Yes, Doctor Who was born into a decade of radical change, but it’s worth remembering that it was only born into the start of it.

Speaking last year about Gatiss’s An Adventure in Space and Time, Steven Moffat said: “I thought the star of this for me would be the re-creation of the old episodes, but it wasn’t. What [director] Terry McDonough has done is really evoked the era that Doctor Who was born into. The sheer post-warness of the early ’60s. It’s not even the ’60s properly yet, it’s just post-war Britian, on a bit. This incredibly bleak, occasionally colourful time, it evokes that clearly. You are really quite moved by what a different world Doctor Who was born into.”

1970s

By the dawn of the 1970s, Doctor Who found itself going through one of the most seismic shifts in its history. For a show to change its lead actor, from William Hartnell to Patrick Troughton through the conceit of ‘regeneration’ was revolutionary in itself. And Troughton’s reading of the role – as a kind of ‘cosmic hobo’ – was to many fans the one that defined who the Doctor really was. Yet with regeneration established as a formula, even bigger changes were on the way. For a start, Jon Pertwee’s term saw the show broadcast in colour for the first time.
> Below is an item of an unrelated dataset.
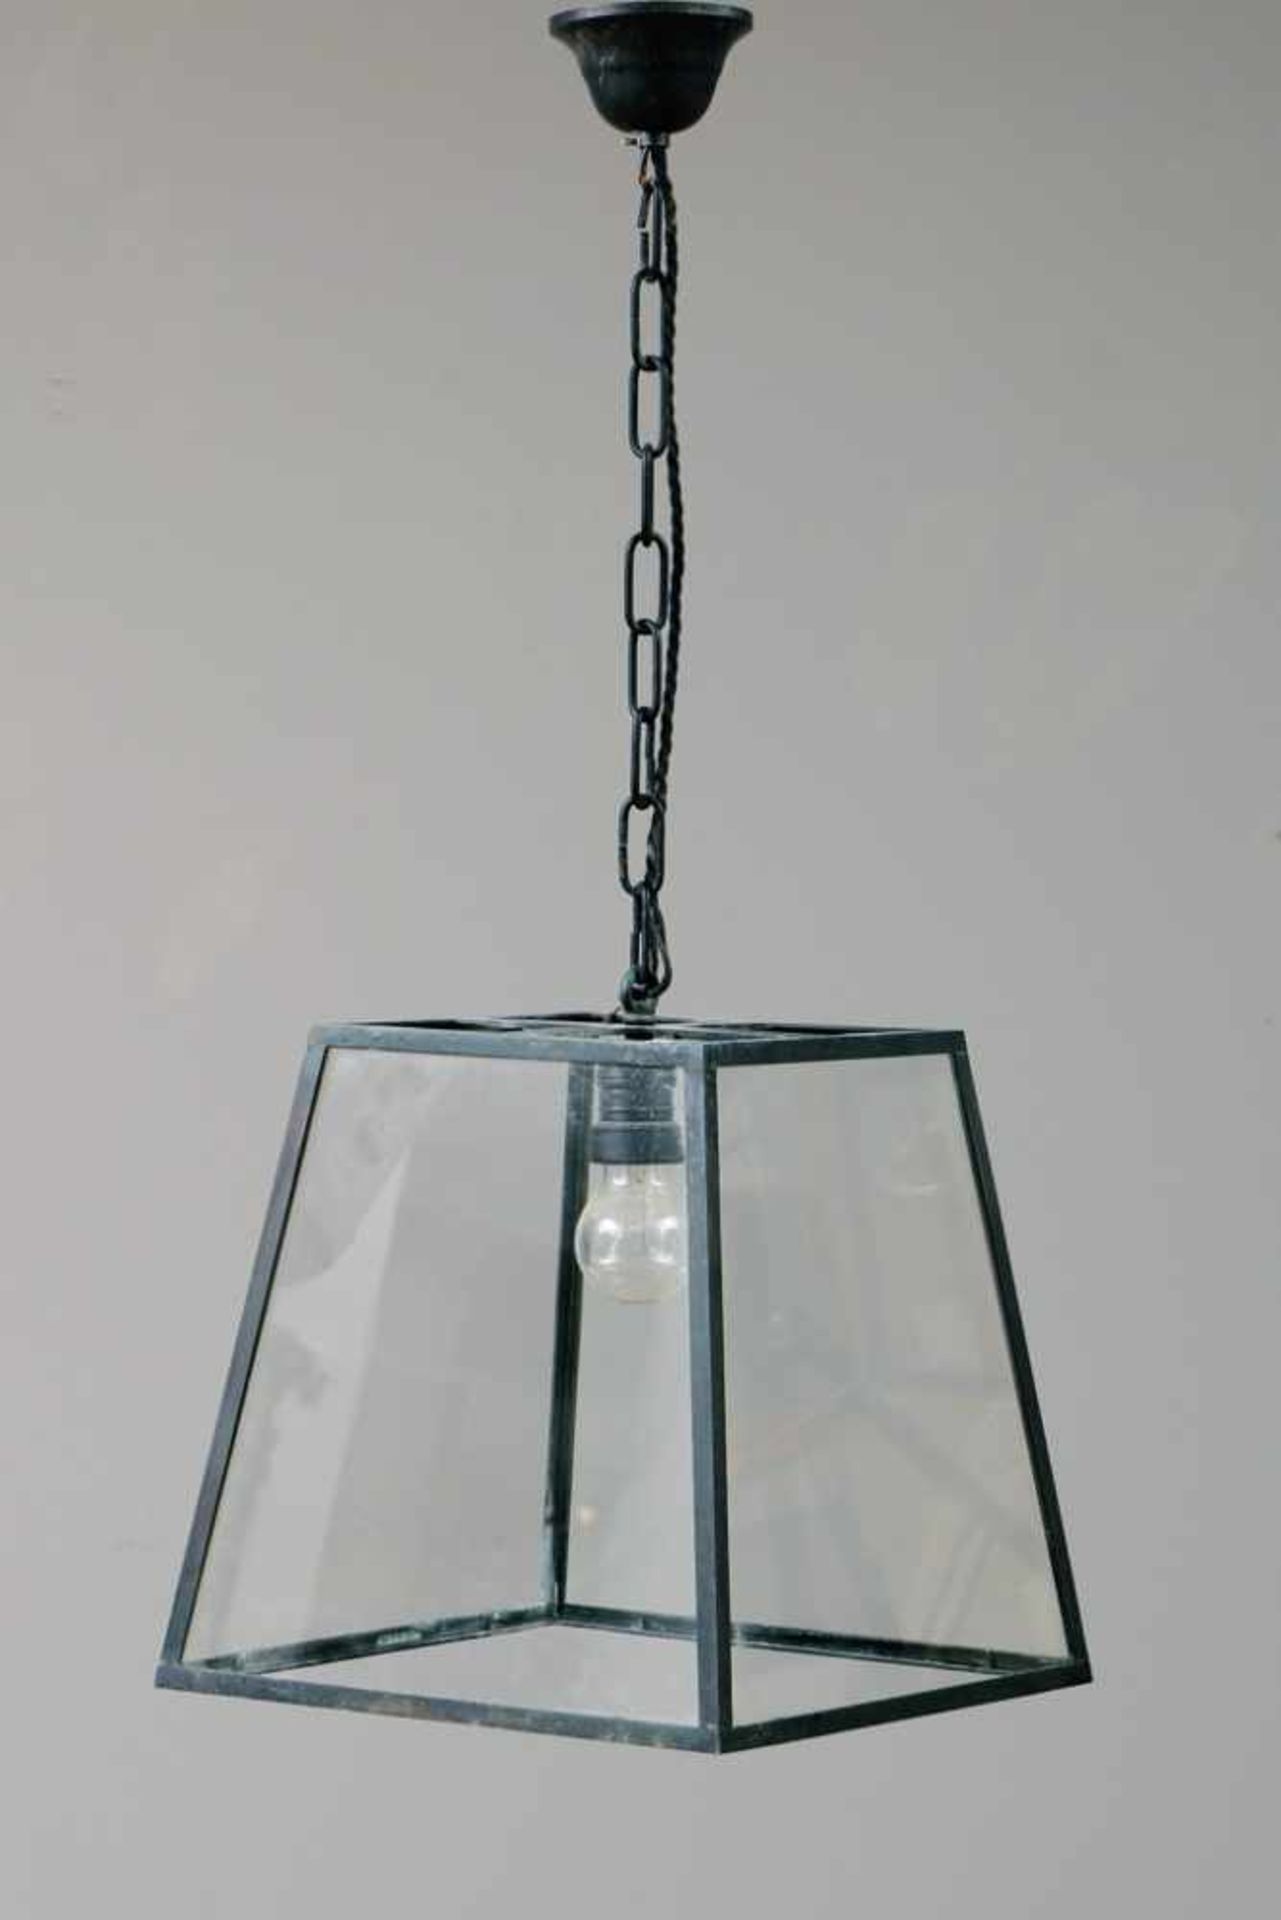 VINCENT VAN DUYSEN Laterne/Deckenlampe geschwärztes Metall, 4-seitig verglast, 1 elektrische
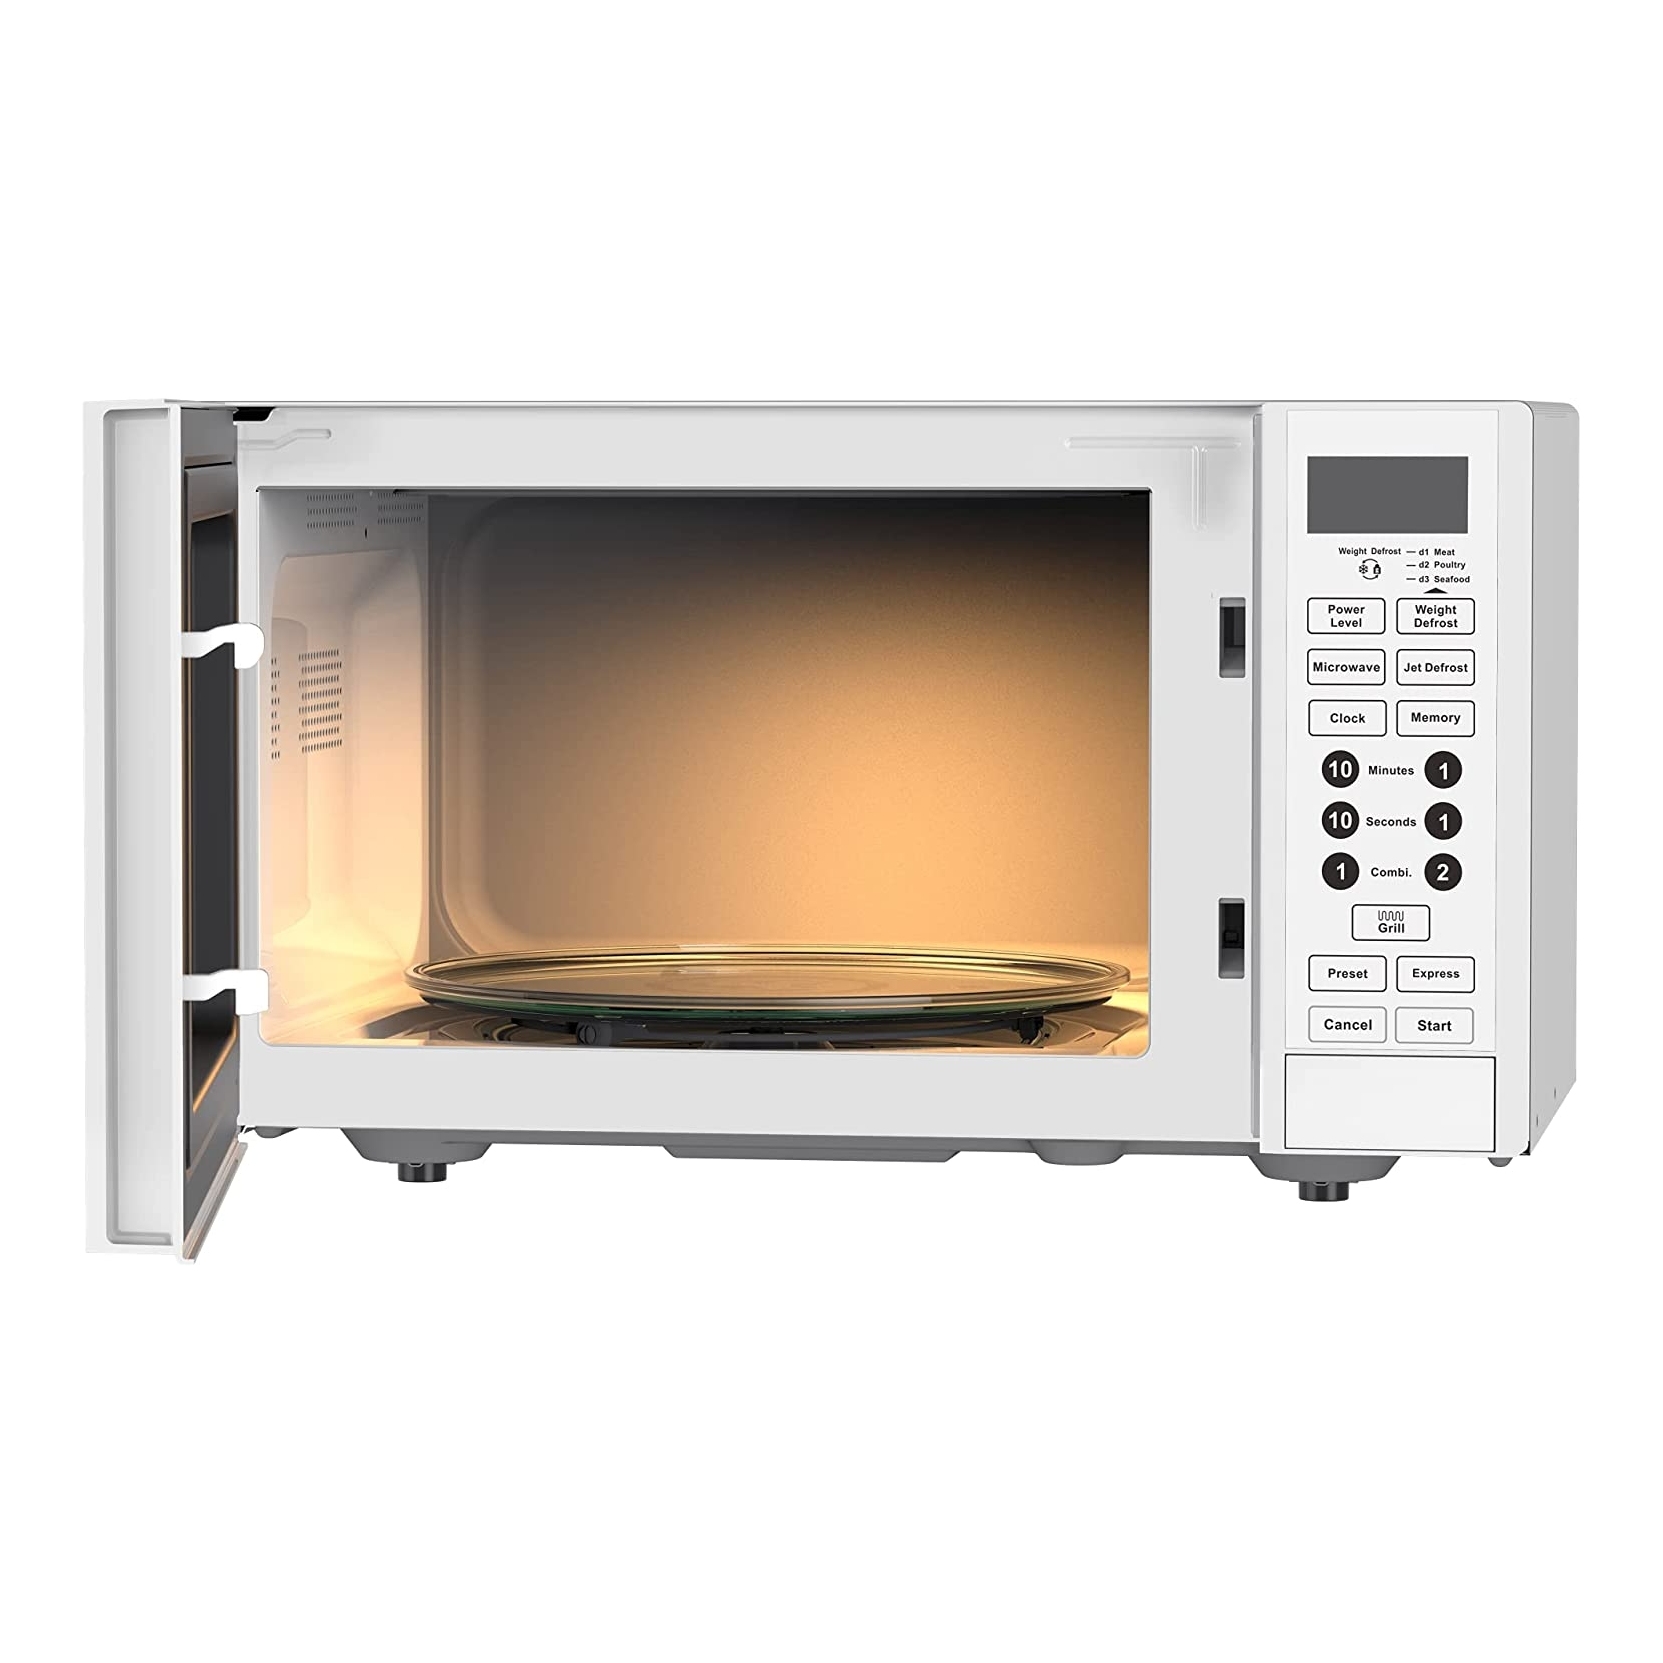 Beko forno a Microonde MGF23330S, 23 L, Digitale, Funzione Grill, Silver :  .it: Casa e cucina

For this new era, the show became Earth-bound, the Doctor having been exiled by the Timelords, and now working as scientific adviser to the extra-terrestrial division of the United Nations. There were two main reasons for the change. The pressure on the lead actor was becoming apparent, and so bringing in the ‘UNIT family’, as they were known, would allow the ensemble cast to lighten the load. And basing the Doctor’s adventures in a regular set would free up money to spend on other things. For the first time, the Radio Times did not bill the show as ‘an adventure in space and time’.

Charged with implementing this new format was new producer Barry Letts, considered by fans to be one of the great heroes of Doctor Who. A former actor and sometime director, he was also a keen Buddhist and a nascent environmentalist, and under his rule, the show went through perhaps its most topical ever period. Perhaps it’s obvious that shackling the series to Earth would concern it more with what was going on down here.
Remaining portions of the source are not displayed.